UNDER SECRETARY BURNS: I just said that a very strong expectation was created by the Serb Government back in June that Mladic would be -- his arrest was imminent. It didn't happen. And so I went to Belgrade and I told them how disappointed I was.

QUESTION: That's right. Okay. So my question is is that after months of this now, isn't -- why you seem to be so circumspect right now and just keep moving the date of reckoning further down the track?

UNDER SECRETARY BURNS: I didn't think I was being circumspect, really. Maybe I've surprised myself. We think we're being very clear. We -- the United States has consistently taken the hardest position on this issue of any country in the NATO alliance and will continue in that vein because we simply believe that it's fundamentally inconsistent to begin to welcome a country onto the NATO membership track, and Partnership for Peace would be a first initial step, if that country hasn't complied with the United Nations War Crimes Tribunal in a celebrated case and if the object of that concern is a person who is responsible for a massacre that occurred ten years ago, 8,000 people killed. So we have strong views and we're going to keep to them. And I don't think we're being circumspect, but I think we're being very open and clear about it.
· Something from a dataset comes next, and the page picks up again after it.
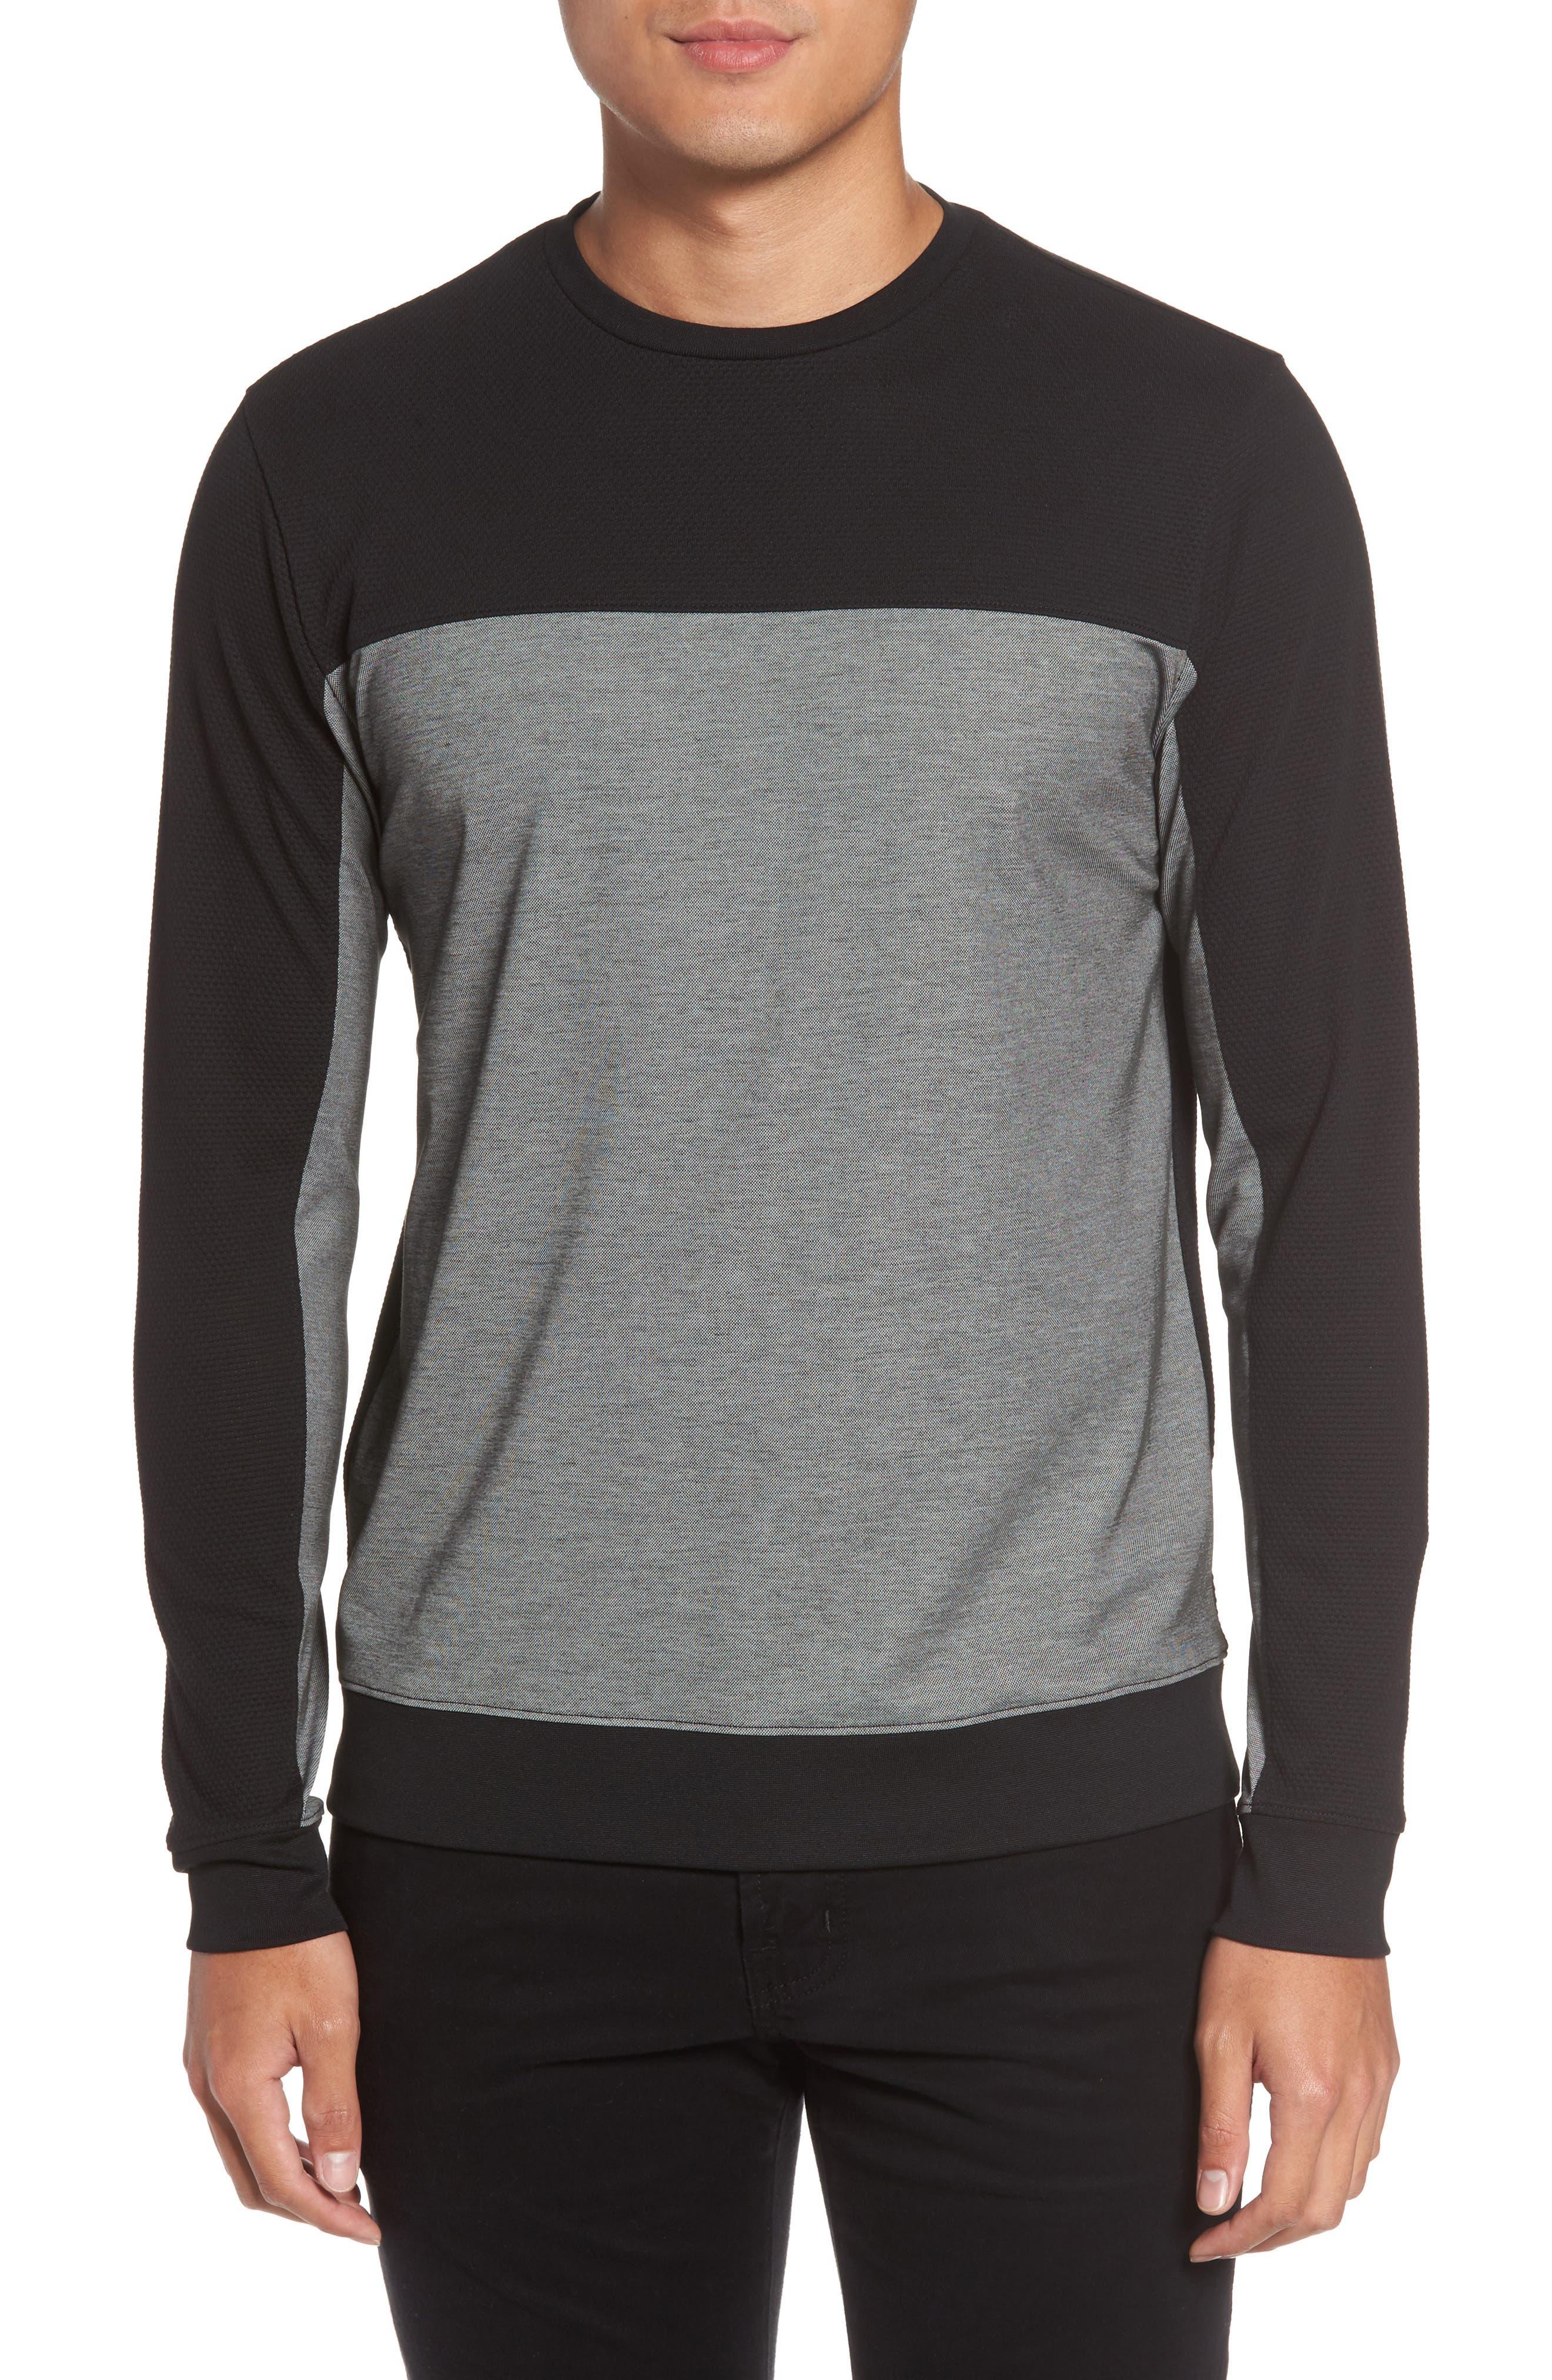 Alternate Image 1 Selected - Vince Colorblock Slim Fit Crewneck Sweater

QUESTION: I guess I was referring in terms of the certification. Is it a statutory thing in terms of the dates or the time or --

UNDER SECRETARY BURNS: Oh, yes, it's statutory.

QUESTION: Oh, okay.

UNDER SECRETARY BURNS: Yeah. And it will come up on the calendar and we'll let you know what decision the Secretary makes. But right now it's not heading in a very positive direction because there's this very large issue out there called Ratko Mladic.

QUESTION: Do you know, ballpark, about when it should come up or?

UNDER SECRETARY BURNS: I think it's at the end of the year.

QUESTION: At the end of the year.

UNDER SECRETARY BURNS: Yeah, I can check.

QUESTION: Okay.

UNDER SECRETARY BURNS: Charlie.

QUESTION: I mean, the previous question referred to a few months ago and you've been saying this for a while. Well, you know and I know you've been saying this for years. And I'm not trying to be funny. I mean, the U.S. can be as hard as it wants. It sounds like a broken record. And while it sounds good and while the aim is good, why isn't something happening or why aren't you doing more to put pressure on to make more happen? It seems like you say something and it rolls off like water off a duck's back.

UNDER SECRETARY BURNS: I don't think so. For most of the last ten years, the Serbs obviously were not interested in bringing these people to justice. They didn't make any attempt to do that. But in the last year or two, the Serbs now see that they have -- the Serb Government has an opportunity to begin a membership track with the European Union and with NATO. And so now we've seen over the last year -- the last ten months -- action by the Serb Government on the 13 individuals that I talked about, transferred to The Hague.

We need to see action now on the biggest prize, which is Mladic, and we hope the same will be true of Karadzic. So there is leverage here. The Serbs are responding to it. It's very important that the United States and our other allies not weaken and not give into those who say that we should just forget about this and look to the future and bring Serbia into Partnership for Peace. That's not our view.

So I think the leverage is actually working if you look at the actions of the Serb Government. They just now need to get to the toughest question of all, which Mladic.

QUESTION: What are our allies doing or what are they not doing? And who could do more to help you get your -- reach your aim?

UNDER SECRETARY BURNS: Our allies -- this is NATO policy actually, so we have a unified NATO position that Mladic should be turned over to the War Crimes Tribunal.

Yes.

QUESTION: On Kosovo, I don't quite understand why, in your opening position, is there such a forthright opposition to the possibility of partition. I mean, there are plenty of other precedents flying around at the moment where the Bush Administration is willing to recognize redrawing borders. I mean, the Israeli-Palestinian conflict readily springs to mind. And if the two sides were to agree on a way of partitioning Kosovo, and there's an obvious way that one might do that -- plenty of people have drawn up maps in the past -- would that -- why do you have to rule that out that from the beginning?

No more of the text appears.